Sire… – Que veux? – Entendez… – Quoy? – Mon cas.– Or dy. –  Je suys… –  Qui? –  La destruicte France!– Par qui? –  Par vous. –  Comment? –  En tous estats.– Tu mens. –  Non fais. –  Qui le dit? –  Ma souffrance.– Que souffres tu? –  Meschief. –  Quel? –  A oultrance.– Je n’en croy rien. –  Bien y pert. –  N’en dy plus!– Las! si feray. –  Tu perds temps. –  Quelz abus!– Qu’ay-je mal fait? –  Contre paix1256. – Es comment?– Guerroyant… –  Qui? –  Vos amys et congnus.– Parle plus beau. –  Je ne puis, bonnement1257.Сир… – Что тебе? – Внемлите… – Ты о чем?– Я… – Кто ты? –  Франция опустошенна.– Кем? –  Вами. –  Как? –  В сословии любом.– Молчи. –  Се речь терпенья несконченна.– Как так? –  Живу, напастьми окруженна.– Ложь! –  Верьте мне. –  Пустое ремесло!– Молю! –  Напрасно. –  Се творите зло!– Кому? –  Противу мира. –  Как? –  Воюя…– С кем? –  Ближних истребляете зело.– Учтивей будь. –  Нет, право, не могу я.

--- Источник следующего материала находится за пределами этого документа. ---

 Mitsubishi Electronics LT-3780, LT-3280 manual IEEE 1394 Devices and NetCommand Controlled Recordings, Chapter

Еще одним выражением поверхностного натурализма в литературе этого времени является следующее. Хотя намерения Фруассара направлены на описание рыцарских подвигов, он с большой точностью изображает – можно сказать, вопреки своей воле – прозаическую реальность войны. Так же как и Коммин, который подтрунивает над рыцарством, Фруассар особенно наглядно описывает усталость, ненужные приготовления, бессмысленные передвижения войск, беспокойство ночного лагеря. Он умеет мастерски передавать настроение промедления и ожидания1258.

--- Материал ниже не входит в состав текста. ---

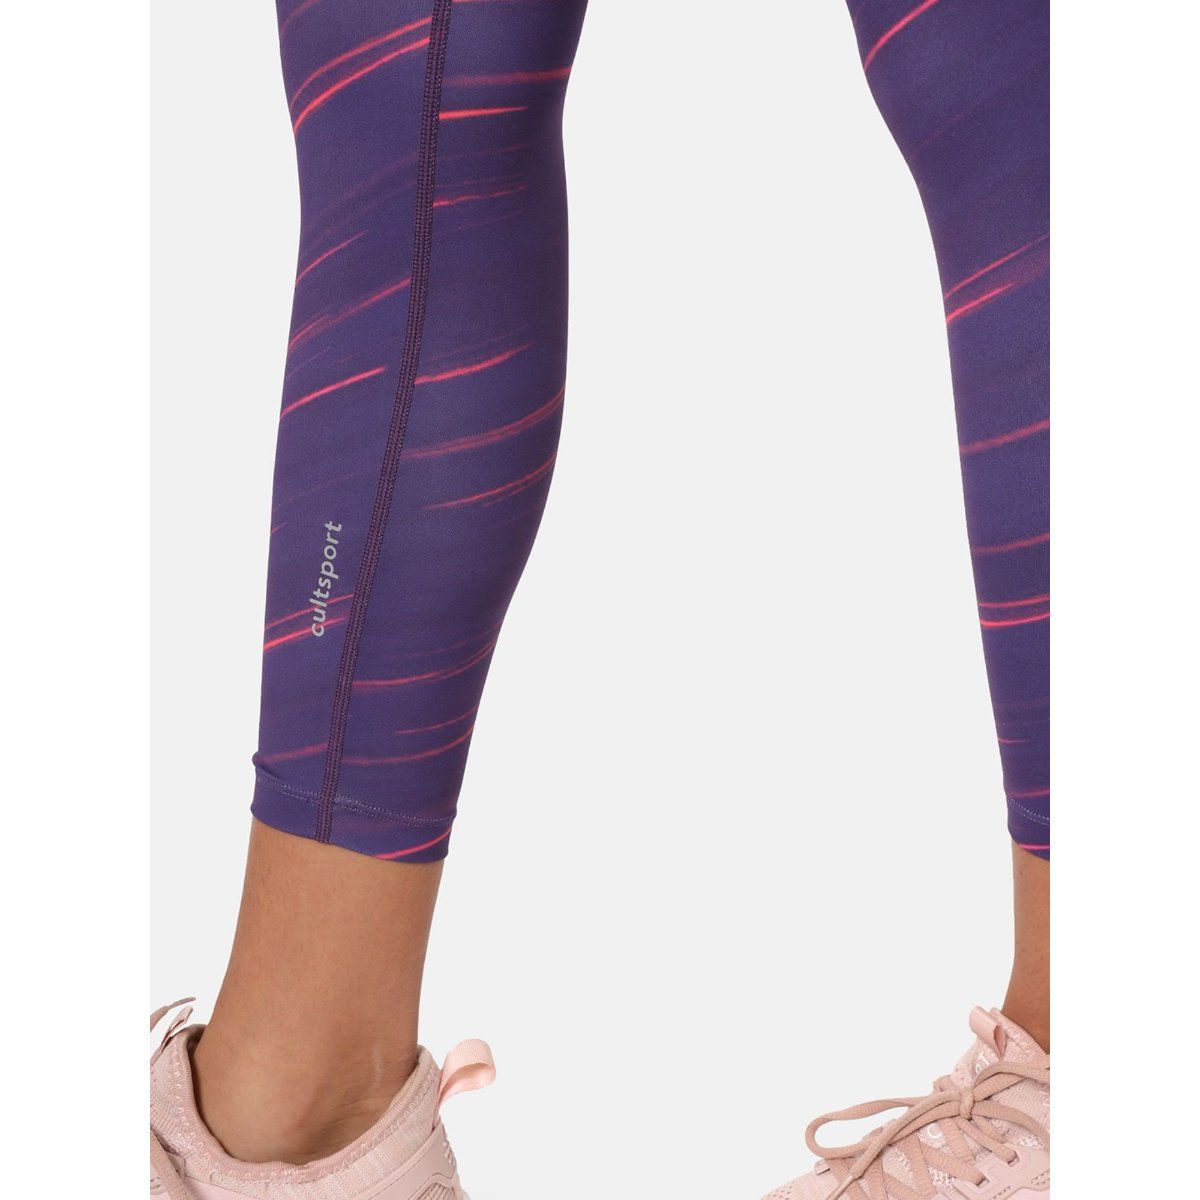 Shiny High-Waisted Leggings KATRIN PURPLE – Women's leggings at affordable  prices from Miss Leelas

В скупом и точном рассказе о внешних обстоятельствах того или иного события он достигает порою почти трагической силы, как, например, в описании смерти юного Гастона Феба, в гневе заколотого своим отцом1259. Фруассар настолько фотографичен, что за его словами распознаются черты рассказчиков, поверяющих ему свои бесчисленные faits divers [происшествия]. Так, всё, что поведал его попутчик, рыцарь Эспен дю Лион, передано просто великолепно. Там, где литература безыскусно описывает, не испытывая помех со стороны всевозможных условностей, она сравнима с живописью, хотя всё же не может не уступать ей.

Эти непринужденные наблюдения не распространяются на изображение в литературе картин природы. К природоописанию литература XV столетия отнюдь не стремится. Ее наблюдения ограничиваются пересказыванием эпизодов, если находят их важными, – при том, что все внешние обстоятельства фиксируются так, как если бы они были запечатлены на светочувствительной пластинке. Об осознанной литературной манере здесь не может быть и речи. Однако изображение природы, которое для живописи являлось естественной принадлежностью этого вида искусства и происходило как бы само собою, в литературе – сознательный стилевой прием, привязанный к определенным формам, вне какой-либо потребности в подражании. В живописи изображение природы было делом побочным и поэтому могло оставаться чистым и сдержанным. Именно потому, что сюжет не имел отношения к ландшафтному фону, а последний не являлся составным элементом иерархического стиля, художники XV столетия могли придавать своим пейзажам ту меру гармоничной естественности, в которой строгие предписания, касающиеся сюжета, всё еще отказывали основному изображению. Египетское искусство являет собою точную параллель этой особенности: в моделировке фигурок рабов, из-за того что это было не главным, художник отказывался от формальных канонов, требовавших в изображение людей вносить определенные искажения, – и иногда именно эти второстепенные фигурки демонстрируют изумительную по чистоте верность природе, так же как и фигурки животных.

Чем меньше проявляется связь ландшафта с основным изображением, тем гармоничнее и естественнее покоится он в самом себе. В качестве фона в напряженном, вычурном, помпезном Поклонении волхвов на миниатюре из Très riches heures de Chantilly1260 [Роскошного часослова из Шантийи] вид Буржа возникает в мечтательной нежности, завершенный атмосферой и ритмом.